Work item:
Beginning with the line that holds "Surfer riding a massive blue wave", copy every remaining line of the listing below exactly, and leave the pictures out.

Data shown:

==========

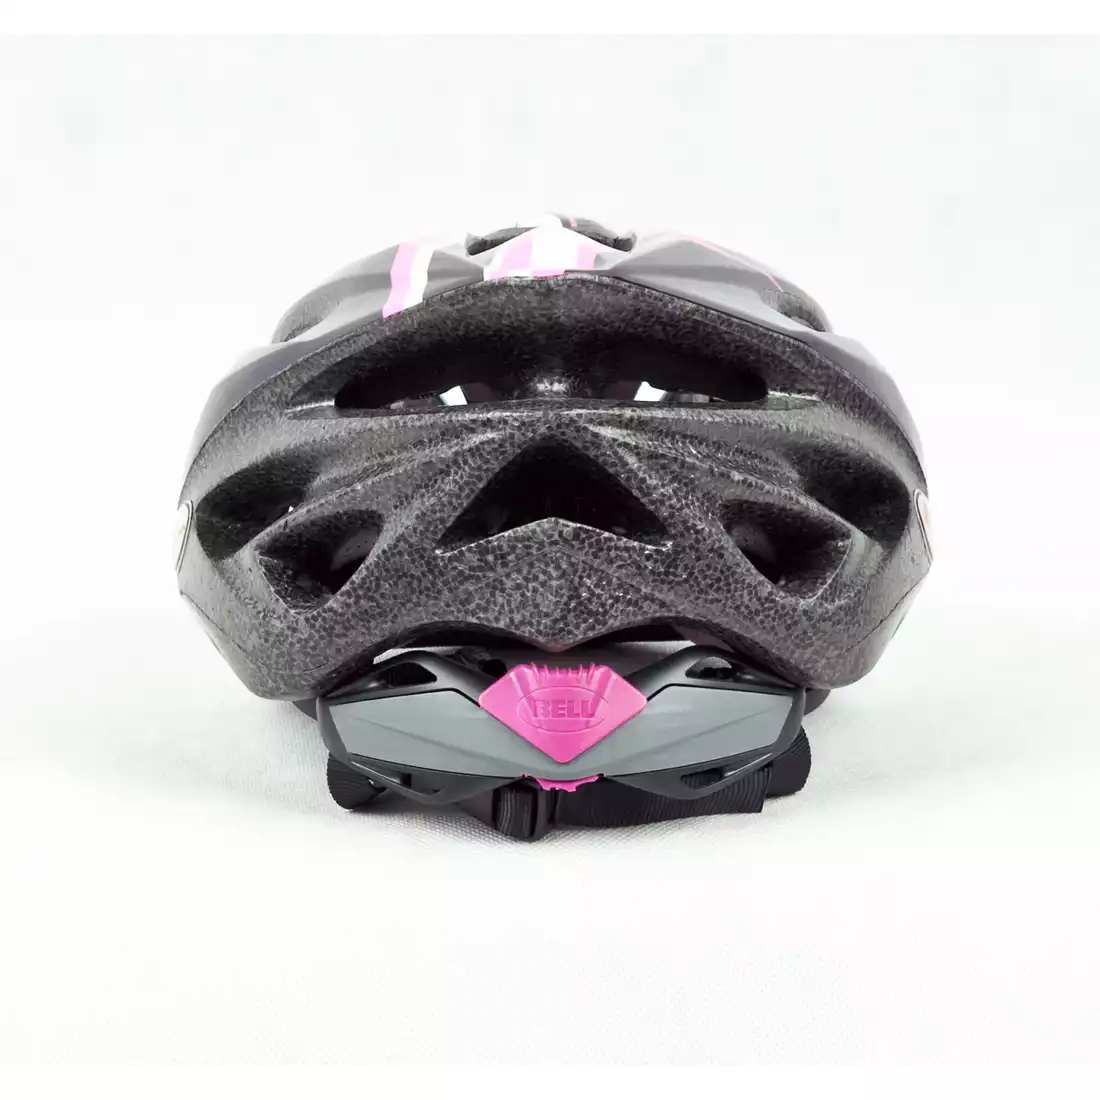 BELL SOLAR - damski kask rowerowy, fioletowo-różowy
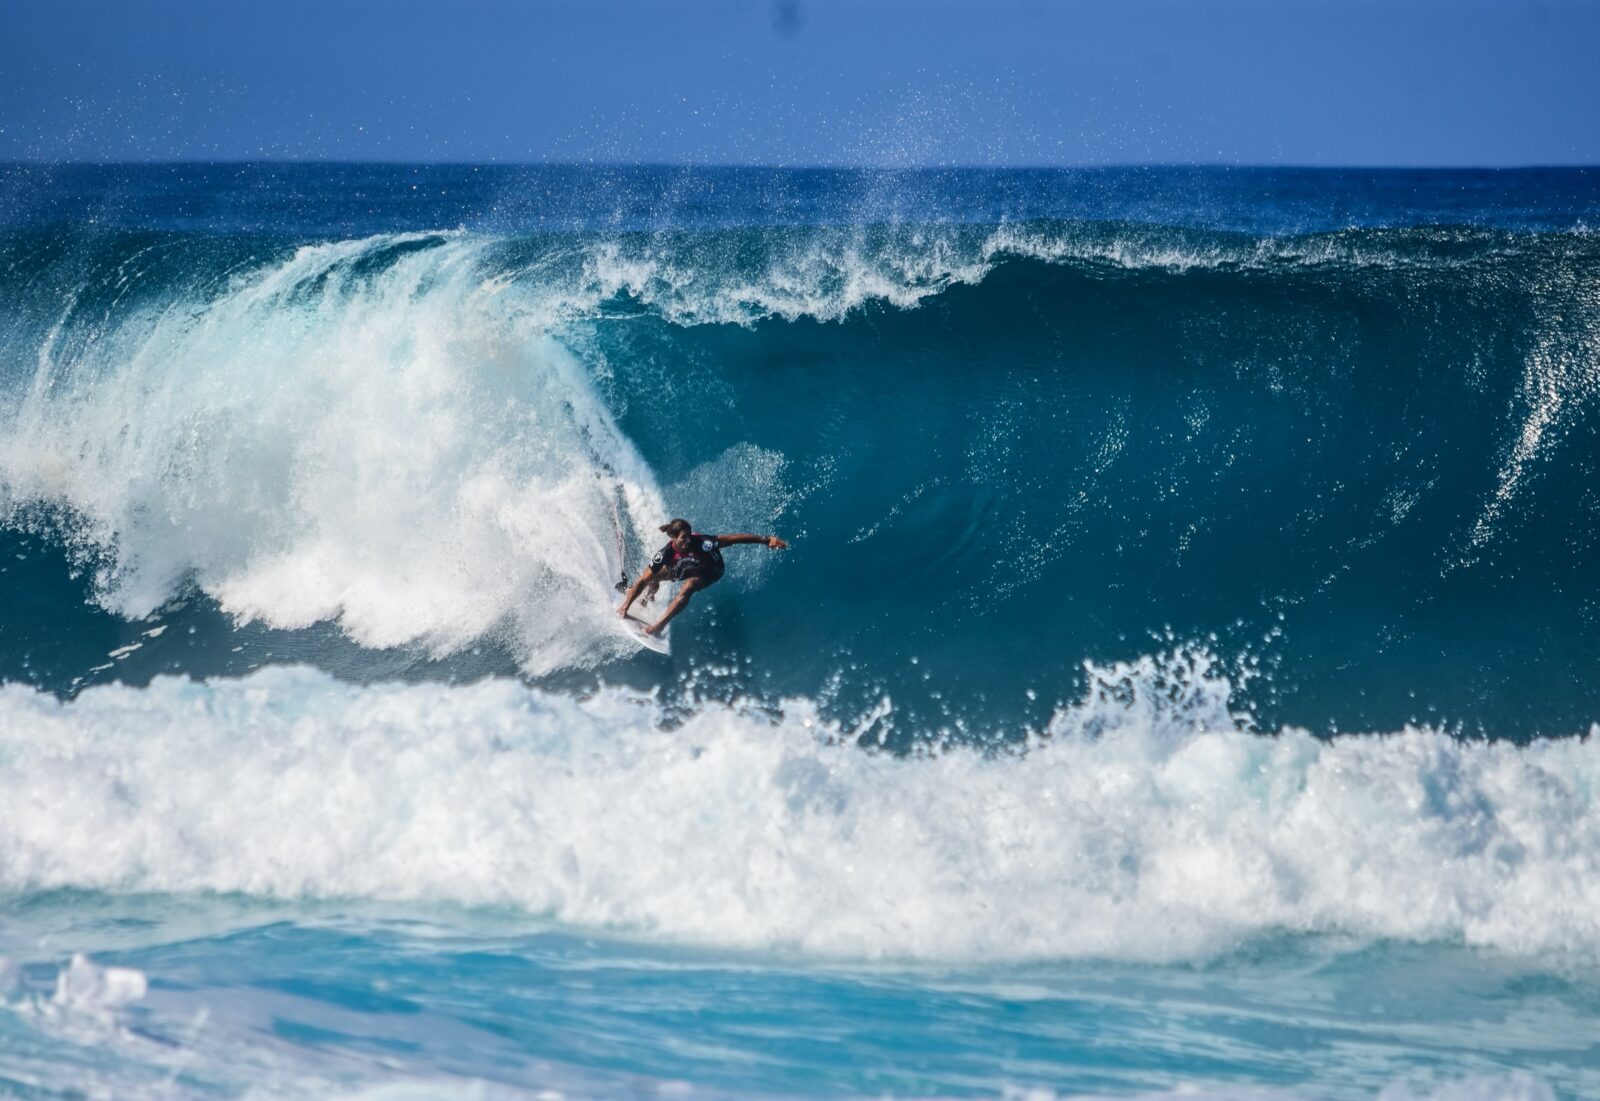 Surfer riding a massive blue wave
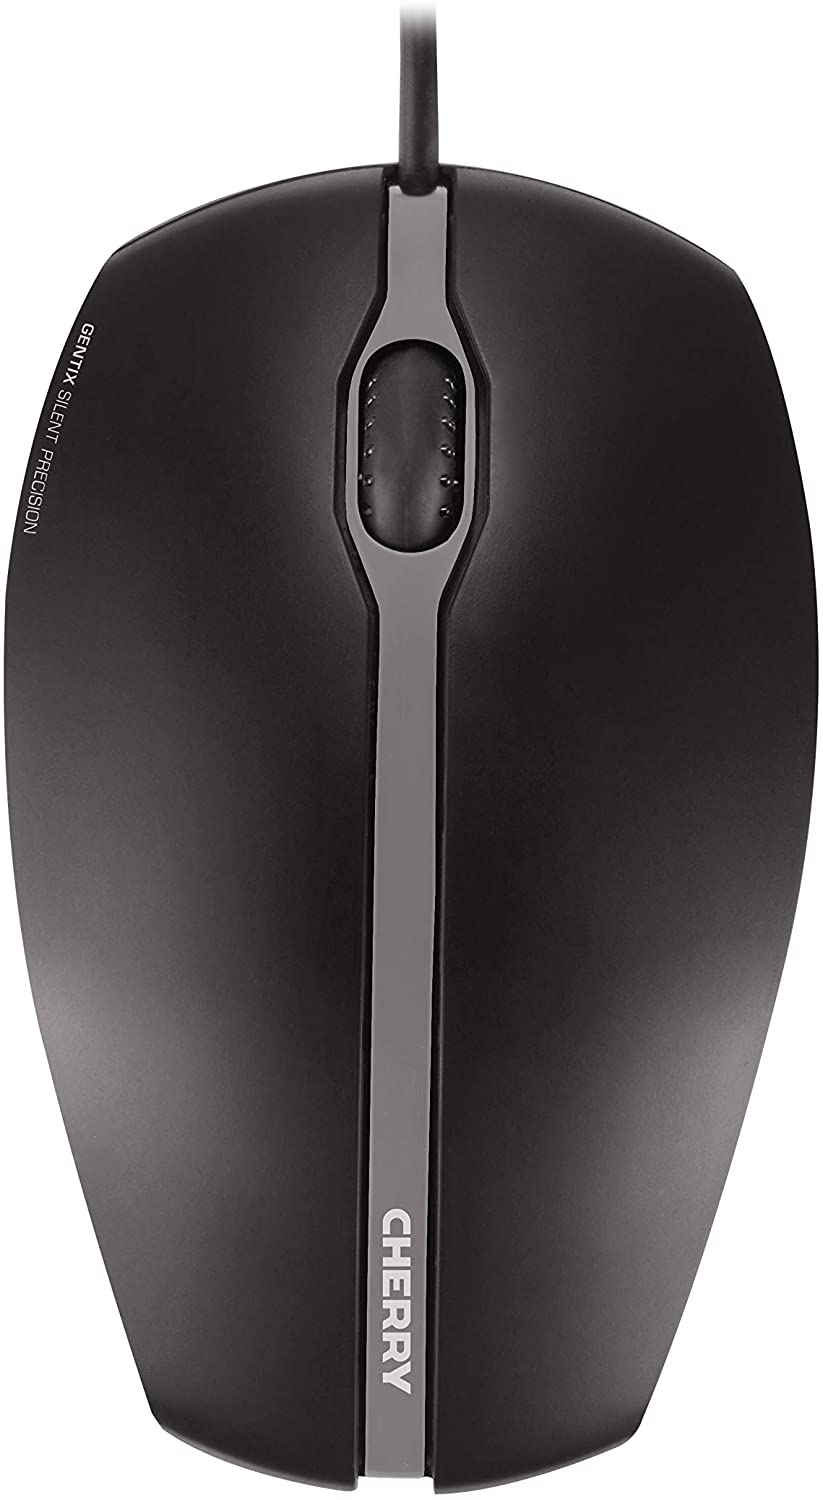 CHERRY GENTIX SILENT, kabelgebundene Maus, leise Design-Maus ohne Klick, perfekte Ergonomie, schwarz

==========

Result for this exercise:
 Surfer riding a massive blue wave
 CHERRY GENTIX SILENT, kabelgebundene Maus, leise Design-Maus ohne Klick, perfekte Ergonomie, schwarz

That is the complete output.